The Speculative Cameras workshop was indebted to the Golan Levin’s Experimental Capture workshop I attended in 2016 along with my own research as a BOM Fellow. We looked at cameras that did not fit the accepted definition of cameras and processes that did not necessarily produce photographs, to get us thinking about these tools in new and creative ways. Starting with the camera obscura as a process that can be made from a house or a cardboard box we also looked at making junk lenses from random transparent material to bend and warp light, photogrammetery to build 3D models from videos of objects, the infrared photography of Richard Mosse as an introduction to capturing light invisible to the human eye, and finished with a discussion about machine vision and machine learning techniques that were being bundled with the emerging artificial intelligence hype.
It was sold out and we had really good feedback.
3D scan of a participant, made by videoing them from all sides, extracting frames and processing them using Photoscan.

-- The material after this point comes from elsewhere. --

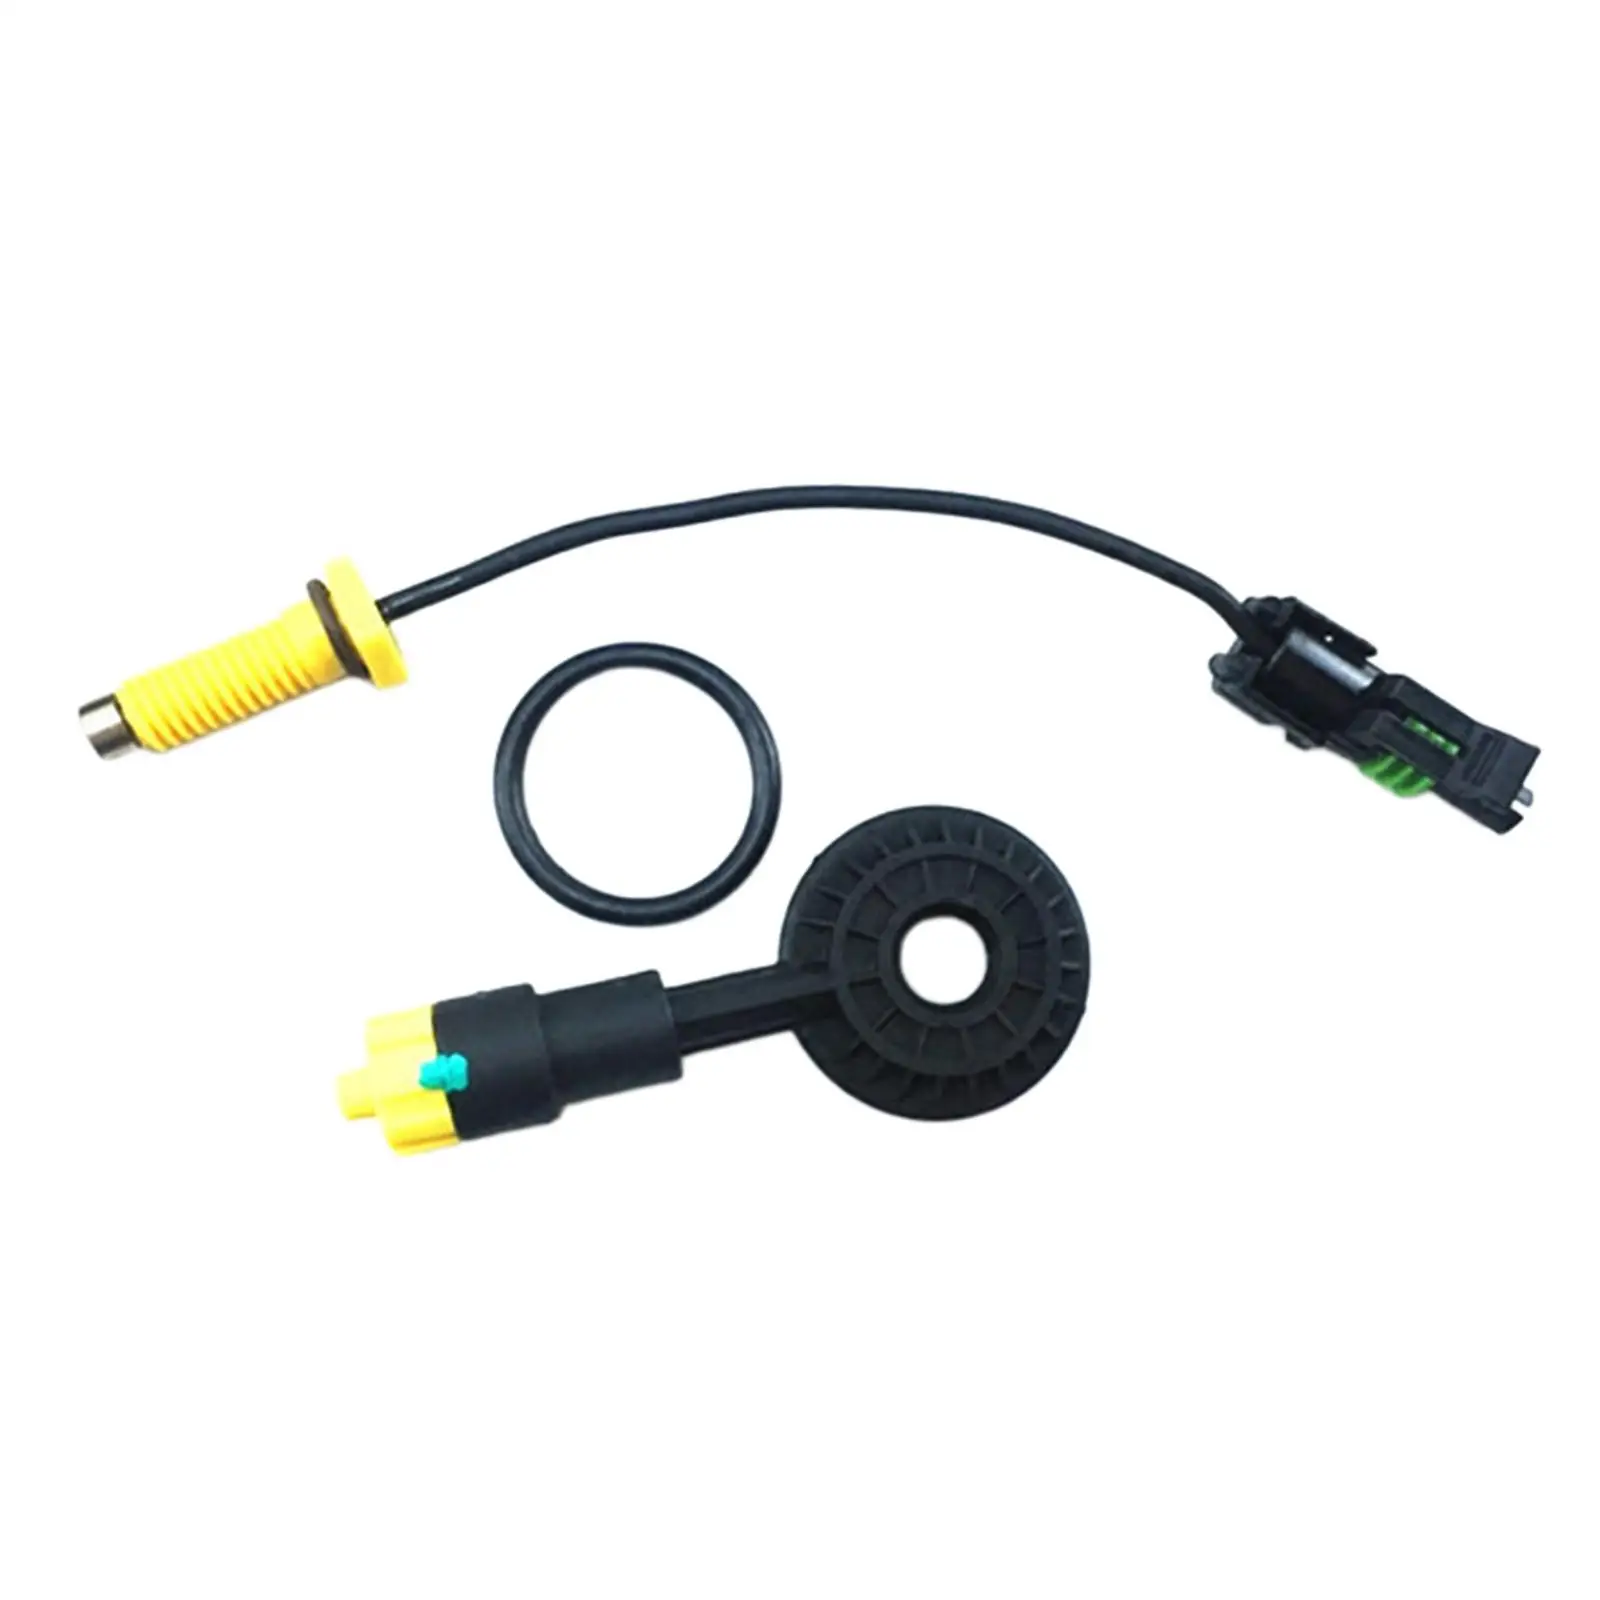 3X Black Fuel Water Sensor for DISCOVERY 3 Vehicle Part
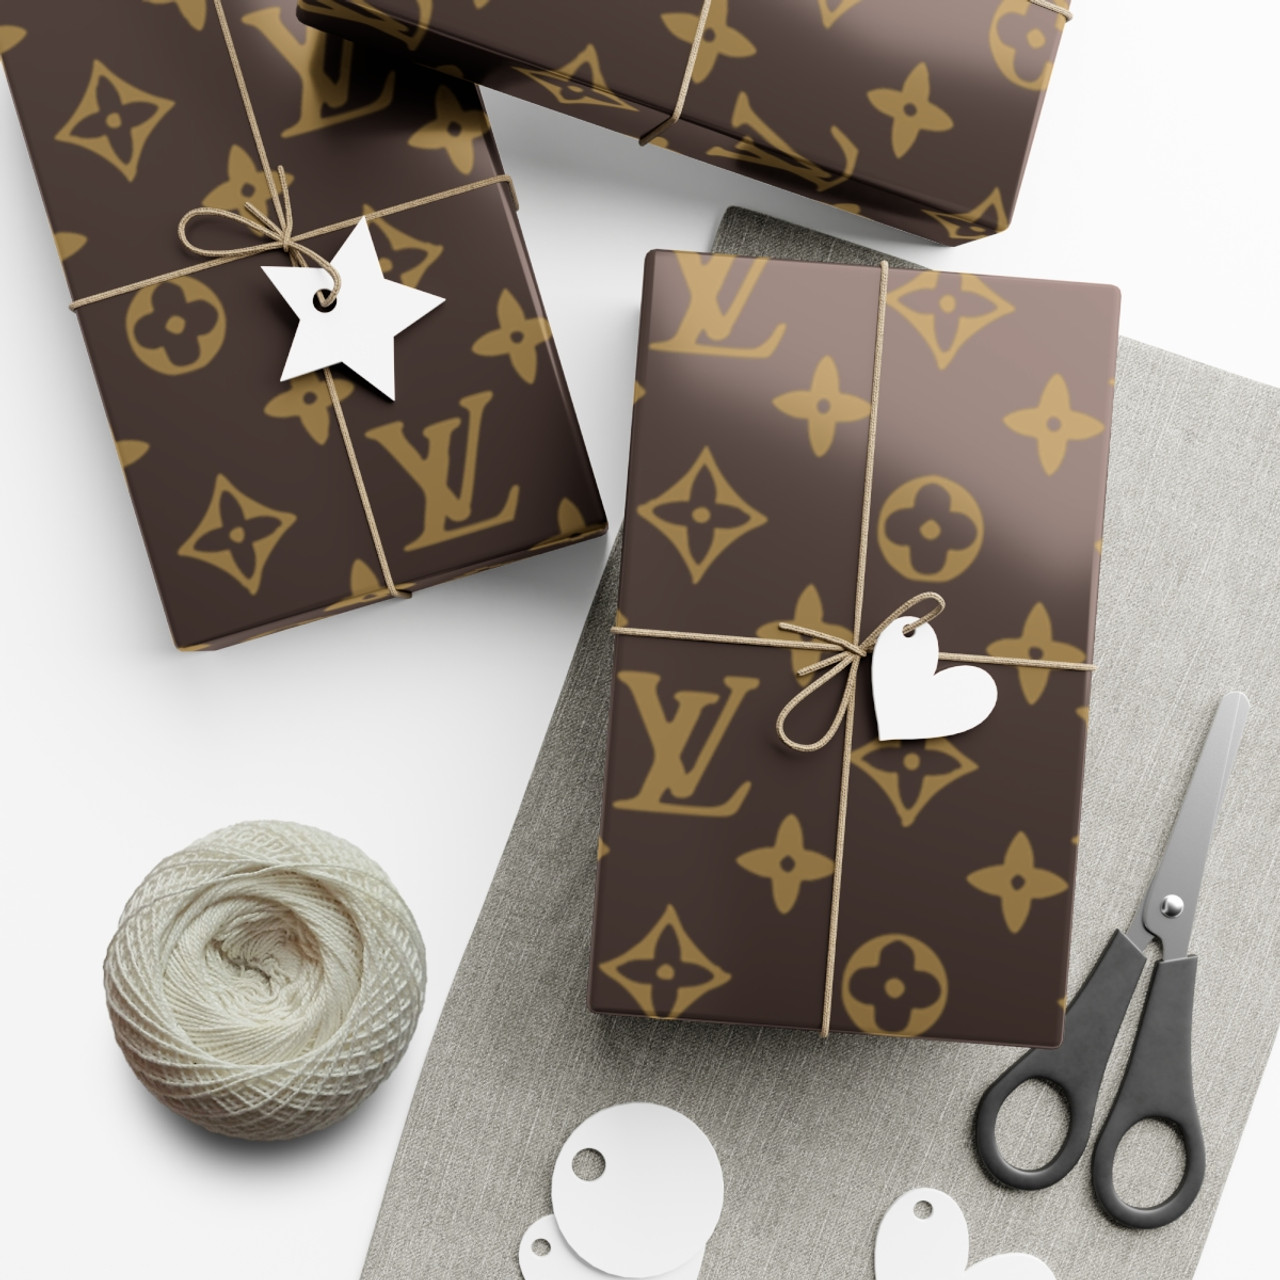 Louis Vuitton Wrapping Paper - luxury gifts unique special diy cyo

The Camera Obscura Portrait Studio was an attempt to recreate David Hockney’s experiment documented in his book / TV show Secret Knowledge where he builds a camera obscura to prove his thesis that the Great Masters used optics in their work. I designed and built a tent within Birmingham Museum & Art Gallery with a lens at one end and drawing paper at the other. It was set to focus on people sitting in a chair so they could be sketched.
It was not perfect, due mainly to the lack of light that week, but it worked and got a lot of attention with a good few hundred people coming through. On reflection it probably should have been built outside, but we didn’t have the venue for that.
The studio before its skin went on, showing the location of the lens and the drawing paper.
The studio blacked out and emblazoned with explanations of what this weird object is.
A long-exposure photo of the projection of someone sitting on the chair facing the studio, ready to be traced.
Thanks to Jenny Duffin, my collaborator on the Bham Obscura project, for her invaluable assistance in both these pieces.